そこに劣等感や後悔の念は全く感じられない。本当にそう思っているのだろう。続けて「ピアノの方はちょっとサティっぽいって言われたりするんだけど……」と、照れながら話す。

個性は、自分で自覚できるものではない。もし、持ってしまったら映画音楽という不自由な音楽なんて作れないだろうし、きっと変化もない。

食い下がって「自分の作品で、人の心を動かしたいとは思いませんか」と聞く。

「それは……病気だよ。すごく恥ずかしいこと。誰かを動かしたいだなんて。音楽で世界は救えないし、癒やしもしない」

力む私に「……退屈だから新しい音楽を作るんだよ」と、ふわりと答えを差し出す。インタビューの際は、自らの老いをも学びと捉えこんな発言をしていた。

「指は......動かなくなってますよ。ピアノもどんどん下手になってきている。でも....曲想が変わってきている。指が動かなくても成立する音楽になっているかもしれません。きっと、どんどん音が少なくなって、最後に1音になって消えていく......みたいな」
──坂本龍一 死を垣間見てわかったのは、意外なことだった

不自由さは、おもしろい。変わることは、楽しい。

「Ryuichi Sakamoto 2019」は、こうした坂本龍一の飽くなき好奇心がつまっている。それは病を経ても消えることがなかったピュアなものだ。

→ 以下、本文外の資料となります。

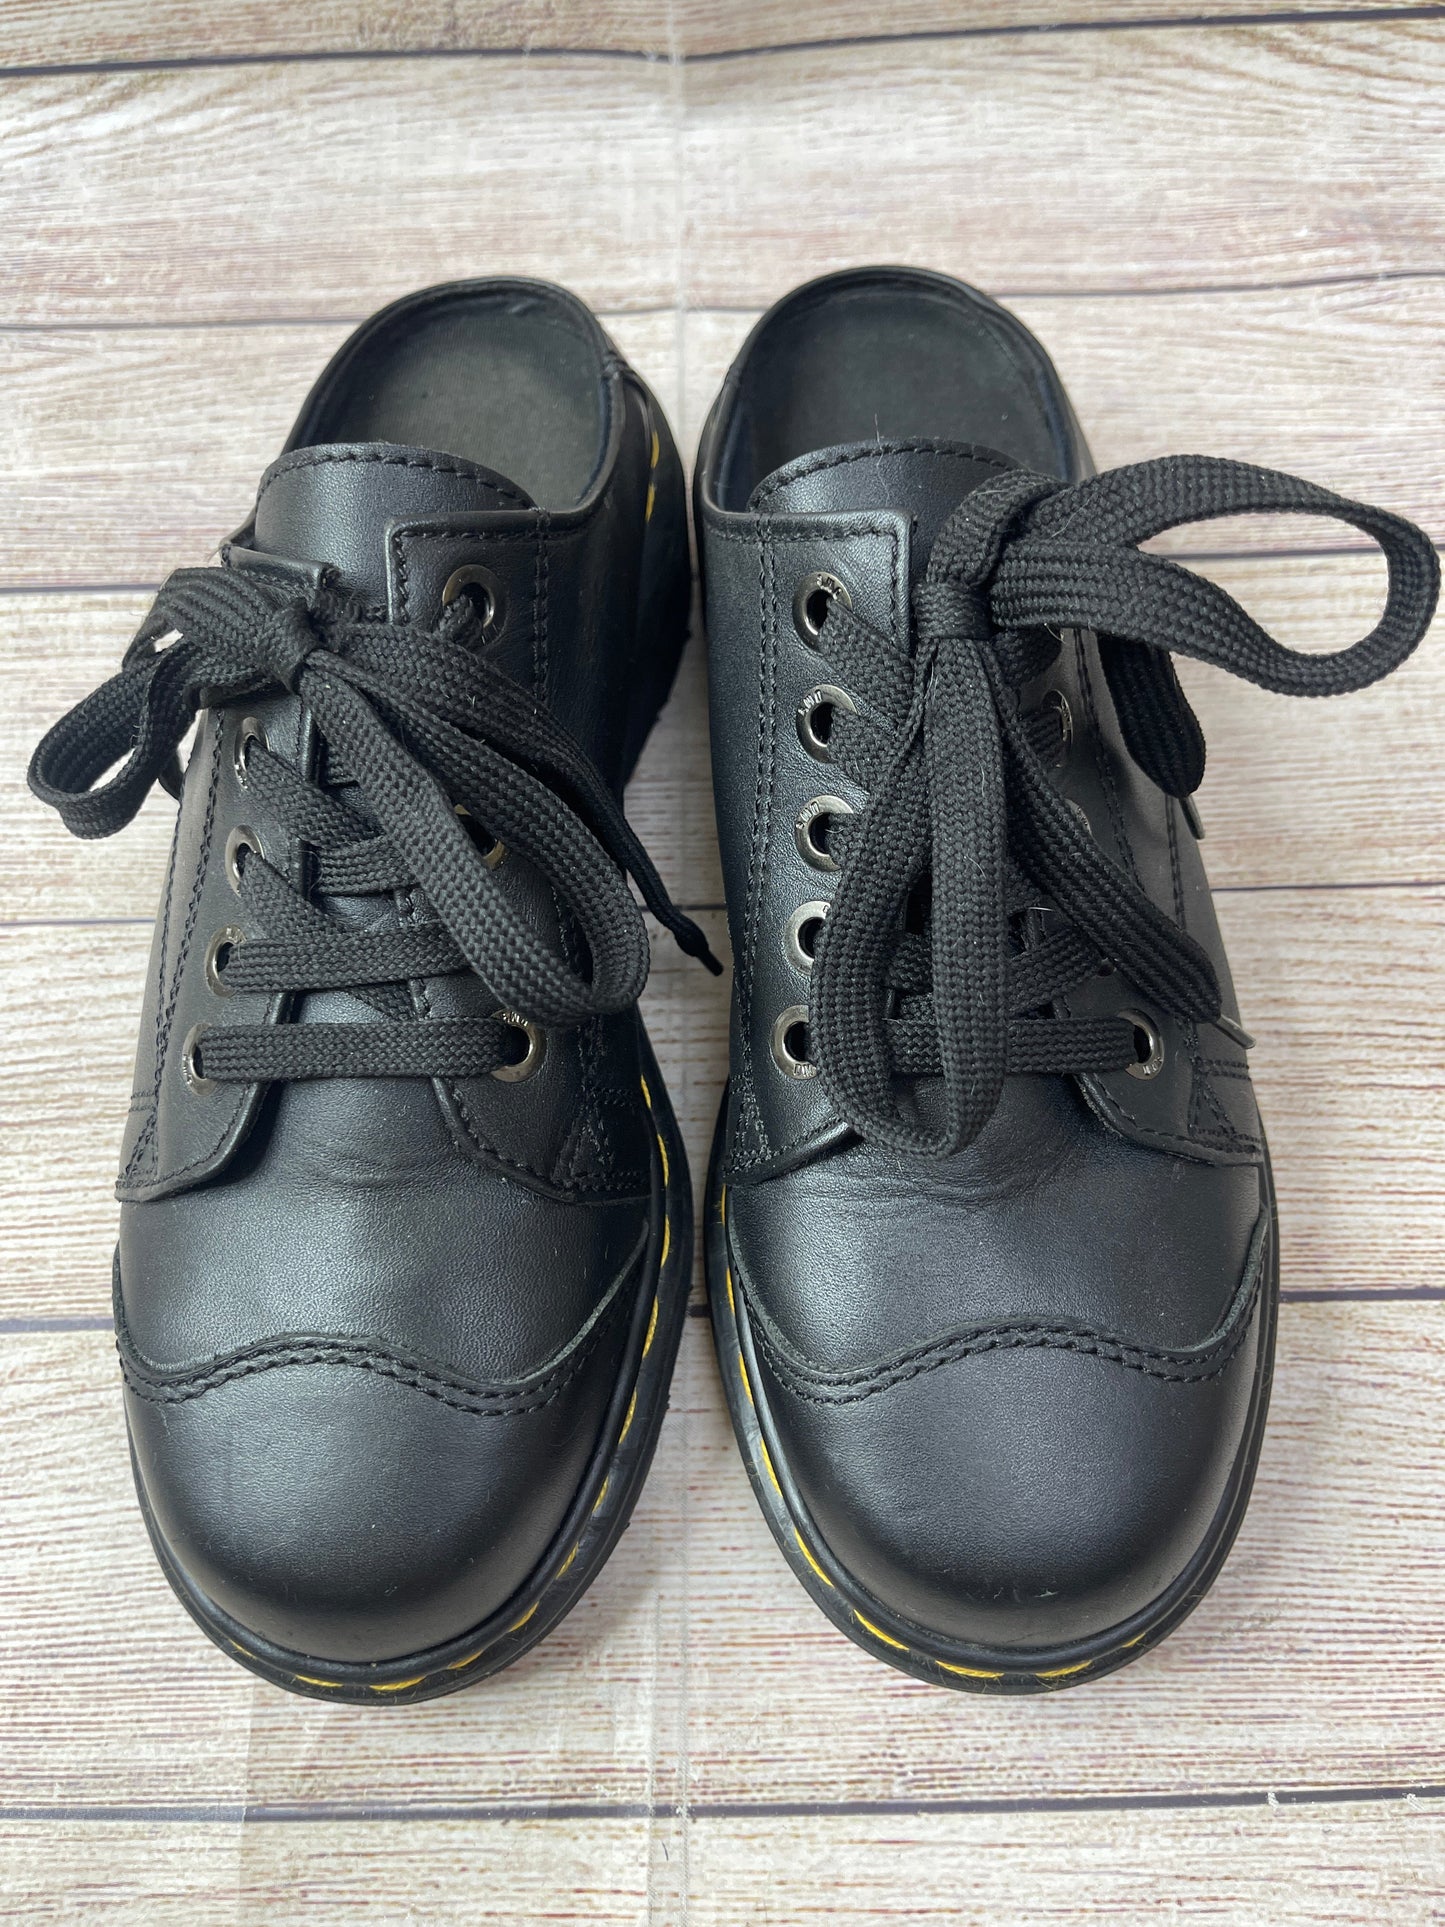 Black Shoes Flats Dr Martens, Size 9

ところで、6つの映画音楽の中にひとつだけ、200人の購入者しか聴くことができない楽曲が挿入されている。バッハのように左手の旋律と右手のそれとが、絡まったり離れたりしながら進んでいく。音数の少ないピアノの音。

私がインタビューをしてから2年が経つ。坂本龍一は、今日もまた変わっていた。